Jacop der Fuchs, Dieb und Herumtreiber, zeigt ...

Köln im September 1260: Jeder steht gegen jeden. Erzbischof und Bürger versuchen, einander mit allen legalen und illegalen Mitteln in die Knie zu zwingen.
Jacop der Fuchs, Dieb und Herumtreiber, zeigt an den erzbischöflichen Äpfeln indes mehr Interesse als an der hohen Politik. Was ihm nicht gut bekommt: In den Ästen eines Apfelbaumes sitzend, wird er Zeuge, wie ein höllenschwarzer Schatten den Dombaumeister vom Gerüst in die Tiefe stößt. Er hat den Mord als einziger gesehen. Aber der Schatten hat auch ihn gesehen. Er heftet sich an Jacops Spuren und bringt jeden um, den Jacop einweiht. Als Jacop begreift, daß der Sturz vom Dom nur Auftakt einer unerhörten Intrige war, ist es fast schon zu spät.

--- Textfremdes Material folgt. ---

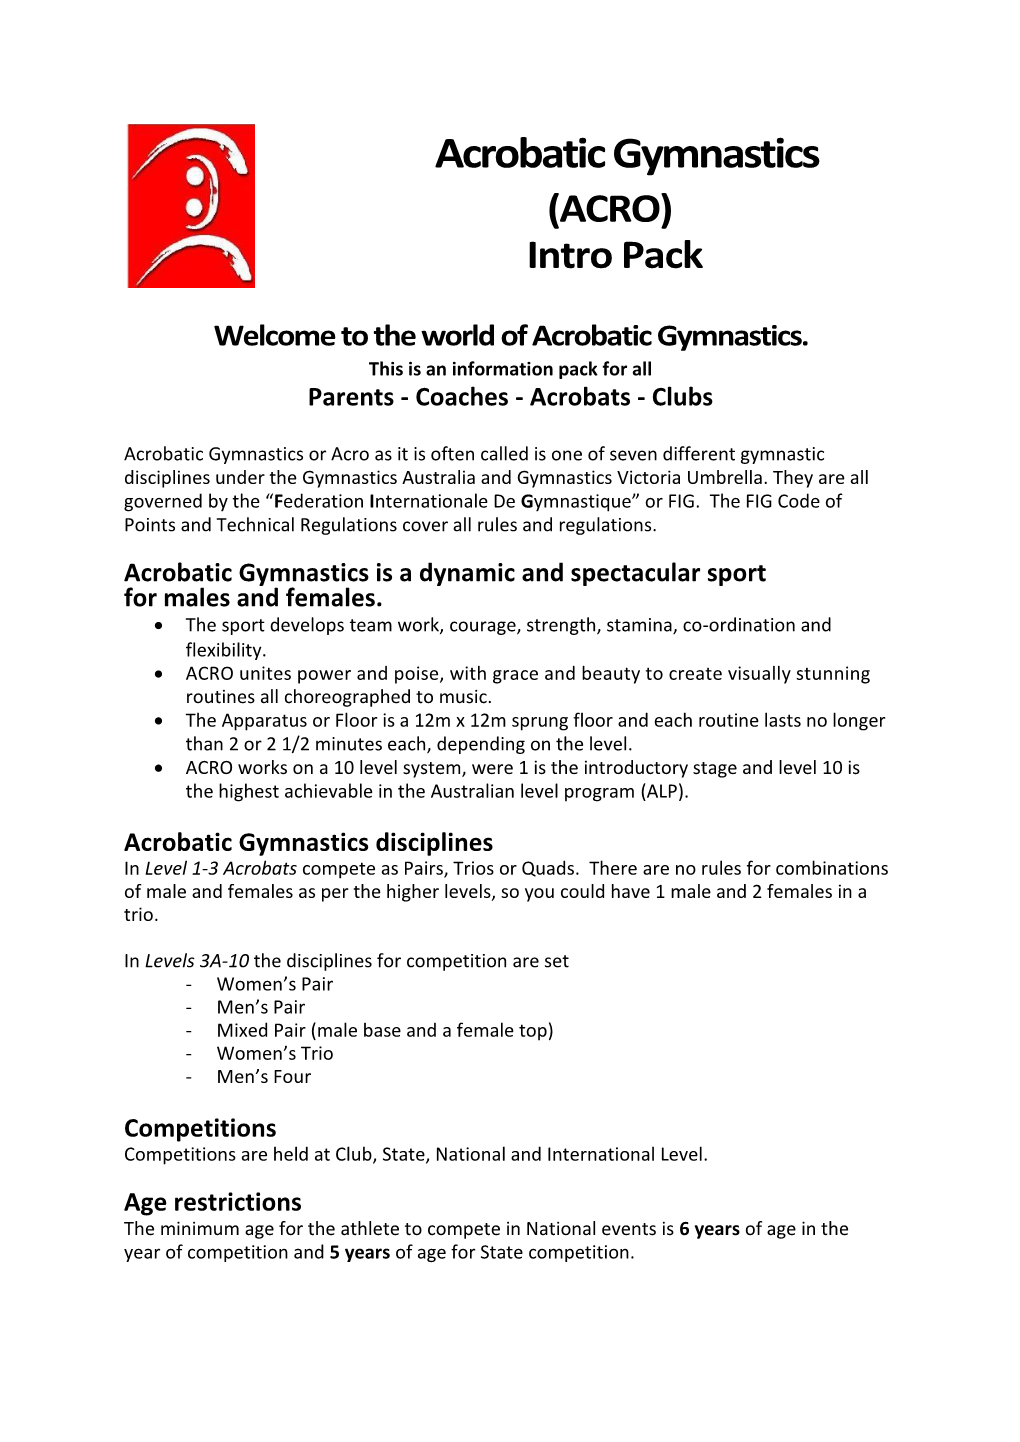 Acrobatic Gymnastics (ACRO) Intro Pack

Man ist trotz der Zeit des Mittelalters sehr schnell mitten im geschehen und kann sich in die Zeit versetzen. Durchweg spannend und genausten beschrieben. Es gibt hier und da etwas langatmige Szenen, die dann durchaus die Spannung etwas absacken lassen, aber dank der wechselnden Szenen bleibt man dennoch am Ball.
Zudem meine Ausgabe auch einen Stadtplan aufweist, so dass man auch die Handlungsorte besser verfolgen kann.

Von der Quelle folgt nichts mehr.